Feature Importance
Feature Importance: Feature importance is calculated as the decrease in node impurity weighted by the probability of reaching that node. The node probability can be calculated by the number of samples that reach the node, divided by the total number of samples. The higher the value the more important the feature.
Gradient Boosting Feature Importance
간단한 tree-based model을 만들어서 prediction 값을 만들고 standard feature importance estimation을 계산할 수 있다. 이 feature importance를 통해 standard correlation index보다 더 많은 정보를 알 수 있다. Feature importance는 model 훈련 phase에서 internal space partition이 실행되는 동안 특정 하나의 feature이 point되었을 때에 trees 전체에 대한 impurity index의 reduction을 summarize해준다. sklearn은 output의 sum이 1이되도록 normalization을 적용해서 결과를 보여준다.
gb = GradientBoostingRegressor(n_estimators=100)
gb.fit(X_train, y_train.values.ravel())
plt.bar(range(X_train.shape[1]), gb.feature_importances_)
plt.xticks(range(X_train.shape[1]), ['AT','V','AP','RH'])
위 코드로 graph되는 feature_importances_는 특정 feature의 값이 더 높을 수록 prediction에 더 큰 영향을 주는 것을 보여준다.
Permutation Importance
permutation importance는 model이 fit된 후에 계산할 수 있다.
This method works on a simple principle: If I randomly shuffle a single feature in the data, leaving the target and all others in place, how would that affect the final prediction performances?
데이터에서 특정 하나의 feature만 random하게 shuffle한다면, final prediction 성능에 어떤 영향을 끼칠지 살펴보는 것이다. 가장 중요한 feature일수록, shuffling으로 인해 가장 나쁜 prediction 성능이 확인될 것이다.

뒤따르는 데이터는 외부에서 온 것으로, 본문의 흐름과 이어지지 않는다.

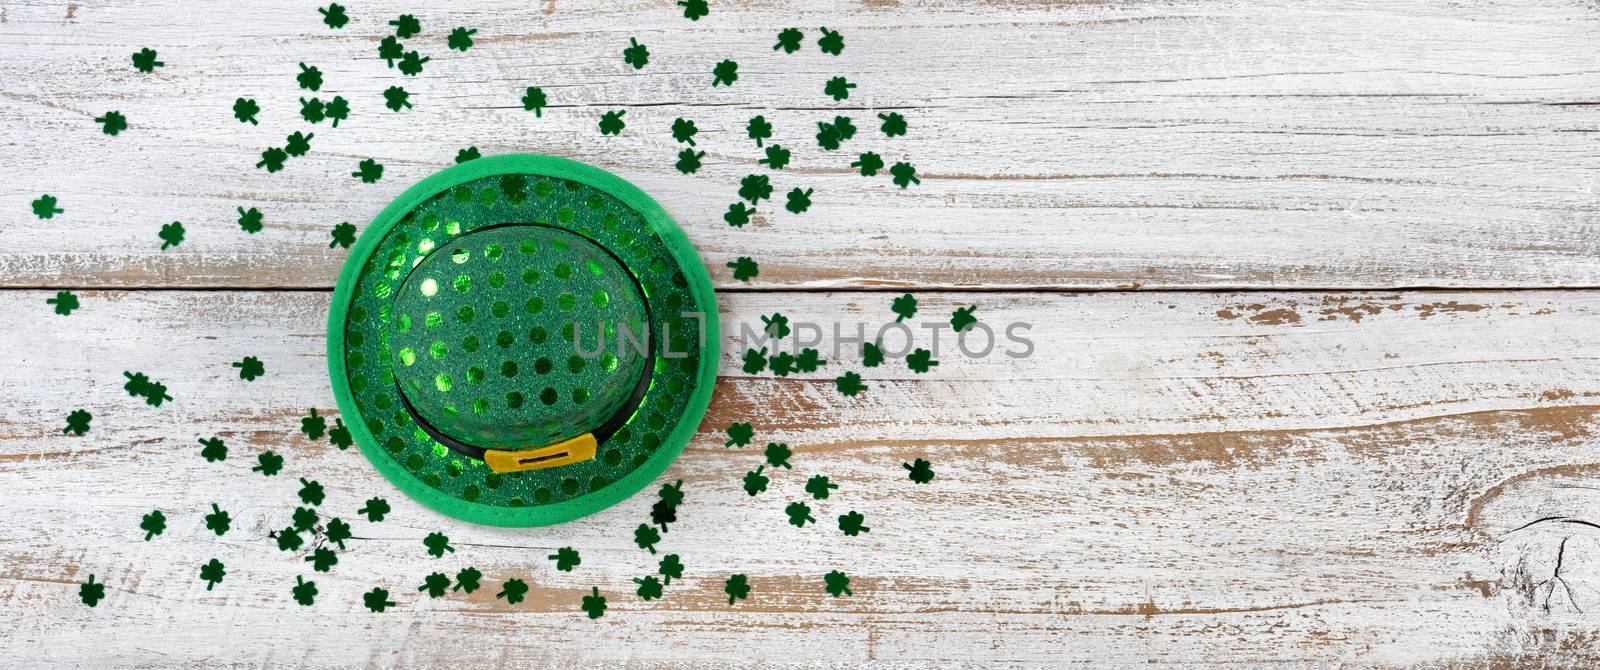 St Patricks Hat and Clovers on rustic wooden background by tab1962

This is because we are corrupting the natural structure of data. If we, with our shuffle, break a strong relationship we’ll compromise what our model has learned during training, resulting in higher errors (high error = high importance).
RandomForestRegressor
scikit-learn의 class중 하나로 존재하며, dataset의 feature reduction을 수행하기위해 feature들의 importance value와 같이 reduction의 기준으로 사용할 수 있는 parameter를 RandomForestRegressor를 통해 생성할 수 있다.
Feature Selection
Correlation coefficient, variance threshold, mean absolute difference, dispersion ratio와 같은 technique를 사용해서 more relevant feature를 선택할 수 있다.
Correlation is a measure of the linear relationship of 2 or more variables. Through correlation, we can predict one variable from the other. The logic behind using correlation for feature selection is that the good variables are highly correlated with the target. Furthermore, variables should be correlated with the target but should be uncorrelated among themselves.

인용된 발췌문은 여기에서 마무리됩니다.